Exactly the lines starting at the line containing "El presidente de" and ending at the line containing "Shamrock 8k race" are to be written out from the listing below, both included.

++++ Data supplied ++++

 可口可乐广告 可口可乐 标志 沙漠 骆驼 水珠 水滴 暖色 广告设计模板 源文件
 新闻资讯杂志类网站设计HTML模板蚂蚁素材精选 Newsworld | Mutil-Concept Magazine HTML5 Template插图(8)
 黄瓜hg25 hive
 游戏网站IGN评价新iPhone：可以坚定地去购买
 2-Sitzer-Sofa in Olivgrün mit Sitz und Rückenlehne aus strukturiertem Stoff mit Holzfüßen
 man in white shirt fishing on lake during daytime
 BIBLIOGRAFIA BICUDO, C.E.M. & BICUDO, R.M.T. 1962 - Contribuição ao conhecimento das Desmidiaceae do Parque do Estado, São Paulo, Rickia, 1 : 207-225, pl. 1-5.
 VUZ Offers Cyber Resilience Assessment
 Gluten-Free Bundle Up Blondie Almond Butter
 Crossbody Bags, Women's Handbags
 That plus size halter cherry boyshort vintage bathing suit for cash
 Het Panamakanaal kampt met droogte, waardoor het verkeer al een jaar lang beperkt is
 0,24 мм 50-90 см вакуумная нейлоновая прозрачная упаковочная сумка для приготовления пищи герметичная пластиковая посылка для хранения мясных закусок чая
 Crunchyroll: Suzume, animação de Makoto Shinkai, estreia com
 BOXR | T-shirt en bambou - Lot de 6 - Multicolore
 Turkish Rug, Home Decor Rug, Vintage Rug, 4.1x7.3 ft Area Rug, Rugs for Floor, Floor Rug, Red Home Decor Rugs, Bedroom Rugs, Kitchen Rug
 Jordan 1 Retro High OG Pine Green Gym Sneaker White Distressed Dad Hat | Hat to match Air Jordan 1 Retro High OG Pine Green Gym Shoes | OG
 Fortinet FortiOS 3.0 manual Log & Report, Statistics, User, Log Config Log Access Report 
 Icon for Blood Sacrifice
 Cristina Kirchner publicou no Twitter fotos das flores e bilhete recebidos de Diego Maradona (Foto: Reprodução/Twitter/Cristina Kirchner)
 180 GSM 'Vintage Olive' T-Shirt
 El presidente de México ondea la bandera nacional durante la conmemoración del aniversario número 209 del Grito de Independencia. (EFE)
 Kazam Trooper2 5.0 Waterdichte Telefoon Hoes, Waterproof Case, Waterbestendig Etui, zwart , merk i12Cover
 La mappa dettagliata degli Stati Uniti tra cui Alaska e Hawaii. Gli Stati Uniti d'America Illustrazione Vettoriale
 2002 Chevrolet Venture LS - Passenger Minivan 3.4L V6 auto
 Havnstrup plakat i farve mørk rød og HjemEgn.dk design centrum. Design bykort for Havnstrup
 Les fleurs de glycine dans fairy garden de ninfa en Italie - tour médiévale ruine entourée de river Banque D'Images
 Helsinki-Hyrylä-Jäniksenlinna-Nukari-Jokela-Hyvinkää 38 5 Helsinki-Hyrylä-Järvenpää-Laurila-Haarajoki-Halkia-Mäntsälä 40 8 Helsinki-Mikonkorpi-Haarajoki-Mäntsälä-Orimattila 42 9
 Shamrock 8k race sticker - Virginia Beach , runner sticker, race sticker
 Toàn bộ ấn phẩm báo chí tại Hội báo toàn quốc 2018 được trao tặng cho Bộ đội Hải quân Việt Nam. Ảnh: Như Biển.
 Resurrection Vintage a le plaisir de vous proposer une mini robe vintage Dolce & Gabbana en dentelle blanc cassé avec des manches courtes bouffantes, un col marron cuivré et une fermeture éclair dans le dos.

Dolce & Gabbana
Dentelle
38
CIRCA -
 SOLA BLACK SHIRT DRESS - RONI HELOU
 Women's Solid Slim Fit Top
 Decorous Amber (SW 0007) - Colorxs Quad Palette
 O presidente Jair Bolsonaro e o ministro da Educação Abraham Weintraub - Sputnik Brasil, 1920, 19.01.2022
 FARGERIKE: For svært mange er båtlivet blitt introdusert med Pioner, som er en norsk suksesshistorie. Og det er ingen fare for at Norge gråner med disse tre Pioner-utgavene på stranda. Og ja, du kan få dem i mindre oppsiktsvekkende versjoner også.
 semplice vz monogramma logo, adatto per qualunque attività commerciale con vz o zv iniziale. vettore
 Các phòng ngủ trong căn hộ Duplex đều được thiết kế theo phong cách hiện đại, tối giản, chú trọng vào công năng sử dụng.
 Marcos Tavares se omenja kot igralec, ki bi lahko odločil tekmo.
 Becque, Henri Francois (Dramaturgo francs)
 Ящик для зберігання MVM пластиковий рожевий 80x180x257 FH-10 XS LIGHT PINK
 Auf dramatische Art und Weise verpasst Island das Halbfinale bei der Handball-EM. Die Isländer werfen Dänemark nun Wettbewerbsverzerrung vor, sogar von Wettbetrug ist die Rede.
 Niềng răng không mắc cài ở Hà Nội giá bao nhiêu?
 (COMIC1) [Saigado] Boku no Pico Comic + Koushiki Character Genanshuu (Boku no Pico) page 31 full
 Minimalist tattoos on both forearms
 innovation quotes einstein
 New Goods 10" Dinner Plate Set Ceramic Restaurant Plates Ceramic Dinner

++++

» Answer box
 El presidente de México ondea la bandera nacional durante la conmemoración del aniversario número 209 del Grito de Independencia. (EFE)
 Kazam Trooper2 5.0 Waterdichte Telefoon Hoes, Waterproof Case, Waterbestendig Etui, zwart , merk i12Cover
 La mappa dettagliata degli Stati Uniti tra cui Alaska e Hawaii. Gli Stati Uniti d'America Illustrazione Vettoriale
 2002 Chevrolet Venture LS - Passenger Minivan 3.4L V6 auto
 Havnstrup plakat i farve mørk rød og HjemEgn.dk design centrum. Design bykort for Havnstrup
 Les fleurs de glycine dans fairy garden de ninfa en Italie - tour médiévale ruine entourée de river Banque D'Images
 Helsinki-Hyrylä-Jäniksenlinna-Nukari-Jokela-Hyvinkää 38 5 Helsinki-Hyrylä-Järvenpää-Laurila-Haarajoki-Halkia-Mäntsälä 40 8 Helsinki-Mikonkorpi-Haarajoki-Mäntsälä-Orimattila 42 9
 Shamrock 8k race sticker - Virginia Beach , runner sticker, race sticker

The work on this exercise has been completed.